Long-lost Stravinsky work to receive New Zealand premiere, 108 years later

The recently-rediscovered score of Igor Stravinsky’s Funeral Song is swiftly being programmed into concerts by leading orchestras around the world, and the Auckland Philharmonia Orchestra (APO) is pleased to present the New Zealand and Australian premiere on 3 May 2017.

Funeral Song (Pogrebal'naya Pesnya) Op.5, penned by the 26-year-old composer as an orchestral memorial tribute to his teacher Nikolai Rimsky-Korsakov, disappeared after its premiere in 1909. It was widely assumed by musicologists, and even by Stravinsky himself, to have been destroyed during the 1917 Revolution or civil war that followed. The score was finally unearthed late last year in the library of the St Petersburg Rimsky-Korsakov State Conservatory, and received its first performance in modern times in St Petersburg on 2 December 2016, also live streamed on the internet.

The rediscovery has aroused immense interest in the musical world, and is considered the missing link between Stravinsky’s early works and his ballet The Firebird, which launched his international career and cemented his place in the 20th century musical canon.

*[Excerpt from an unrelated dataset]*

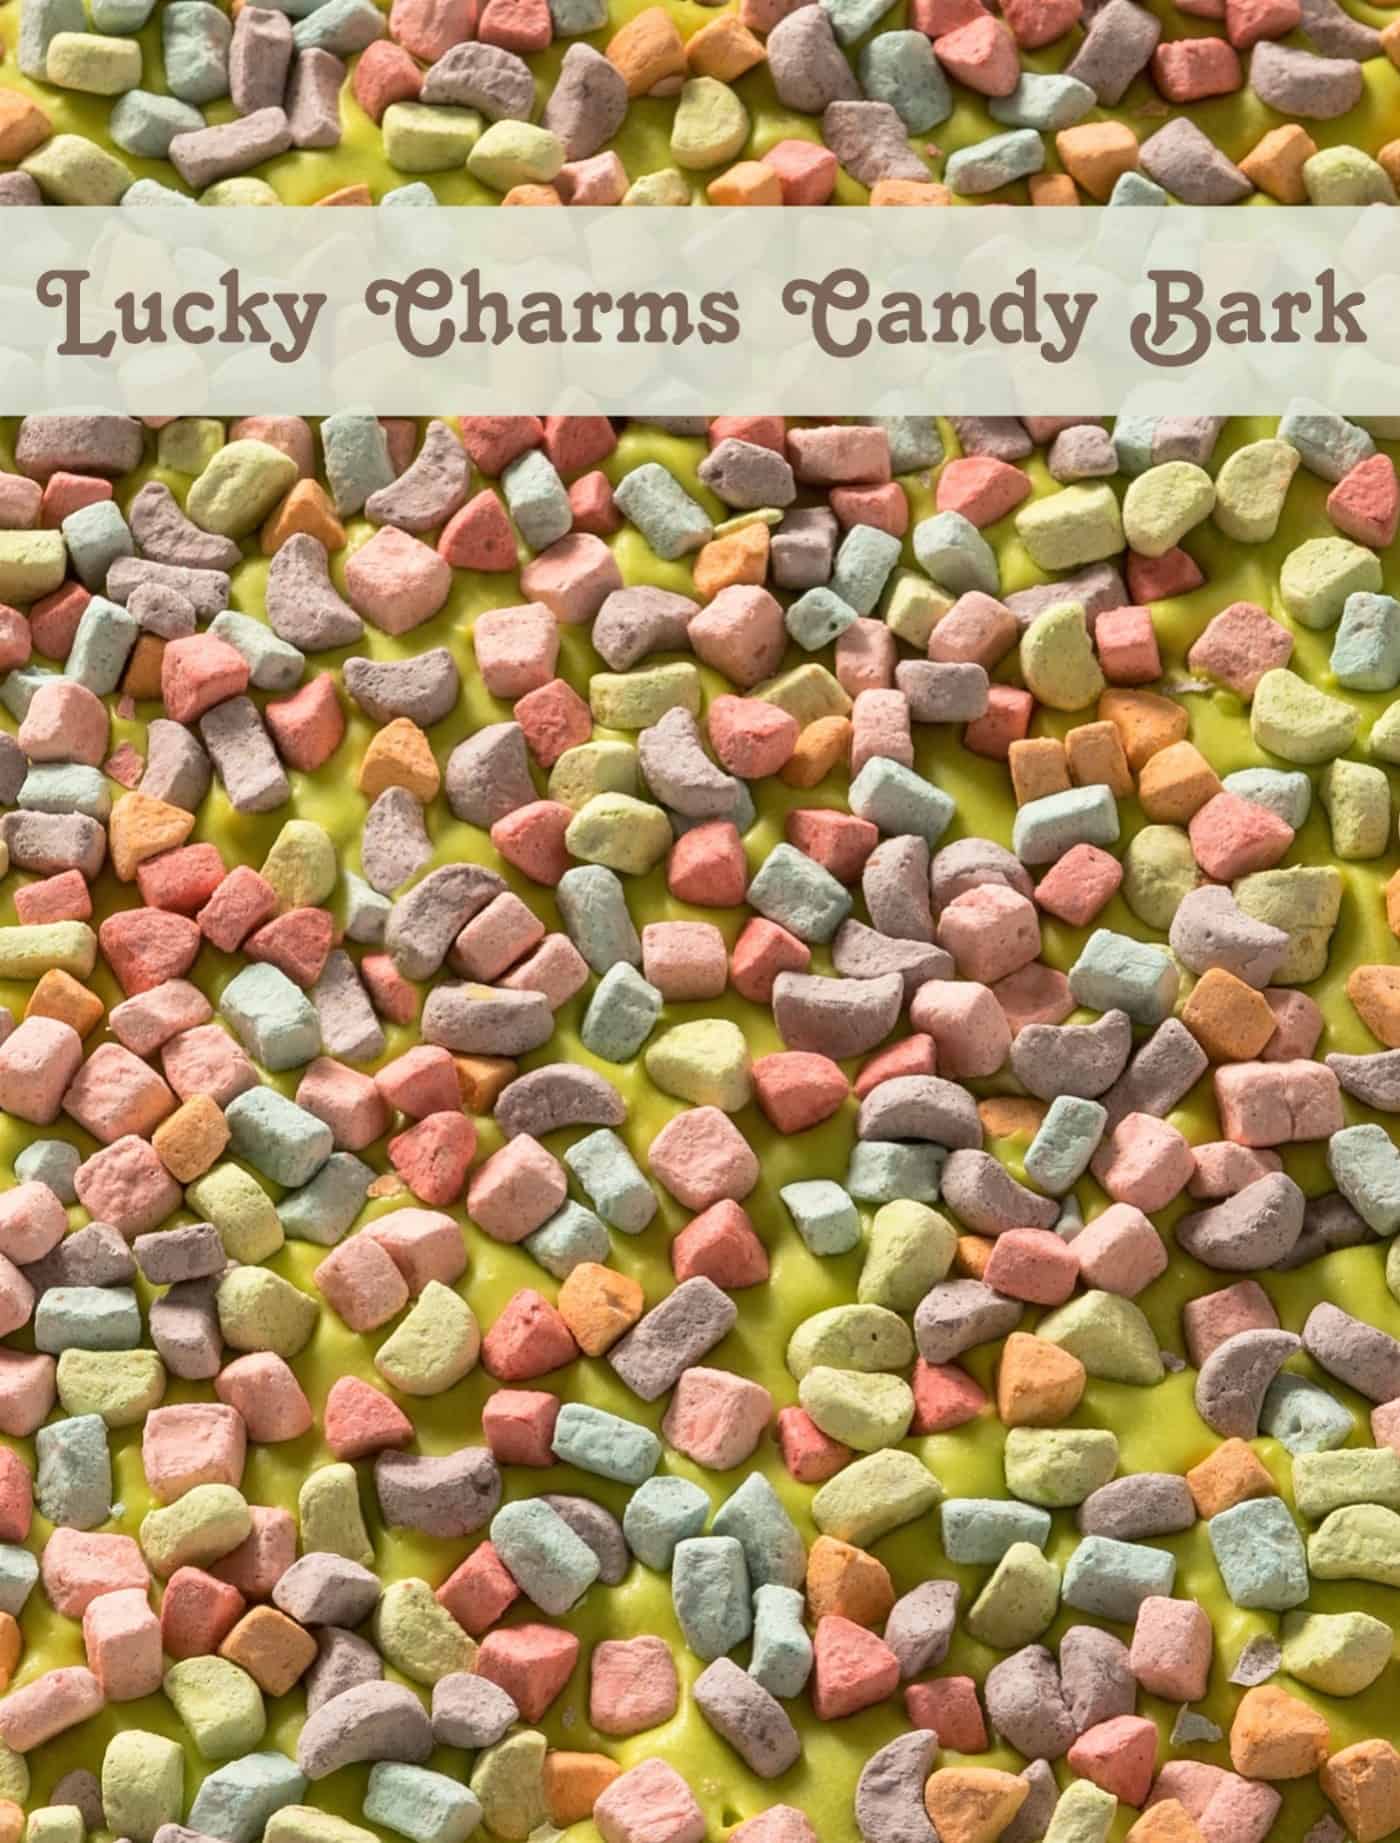 Learn how to make a delicious candy bark using Lucky Charms (just the marshmallows) and candy melts. This dessert is easy and delicious!

More than 30 performances of the 12-minute score have been scheduled by leading orchestras and conductors in 2017 and beyond. British conductor Rumon Gamba will lead the APO in the New Zealand premiere, as part of the New Zealand Herald Premier Series concert From Russia with Love at Auckland Town Hall. North Shore residents will get another chance to hear the work at a second performance scheduled the following night as part of the APO on the Shore series at Bruce Mason Centre.

Mr Gamba says he is looking forward to conducting this ‘new’ work. “Tuning in to the live internet broadcast of the first modern day performance of Stravinsky’s supposedly lost Funeral Song was a surprisingly emotional experience. Here was music by a composer of which one knows virtually every note, speaking to us with a new voice from beyond the grave and giving us a chance to hear how a young composer was developing his own style whilst absorbing the influences of composers past and present.

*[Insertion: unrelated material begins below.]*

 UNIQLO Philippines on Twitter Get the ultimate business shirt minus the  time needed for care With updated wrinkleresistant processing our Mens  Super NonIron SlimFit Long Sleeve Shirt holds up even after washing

“Will it affect how we listen to and interpret his known oeuvre? Perhaps, but I, for one, cannot wait to bring this powerful new music by such a revered master to life for the first time ever in New Zealand,” Mr Gamba adds.

Funeral Song replaces Vasily Kalinnikov’s Serenade for Strings in the concert programme. Other pieces remain as previously advertised: Rachmaninov’s Piano Concerto No.4 featuring guest soloist Kathryn Stott, and Tchaikovsky’s Symphony No.4.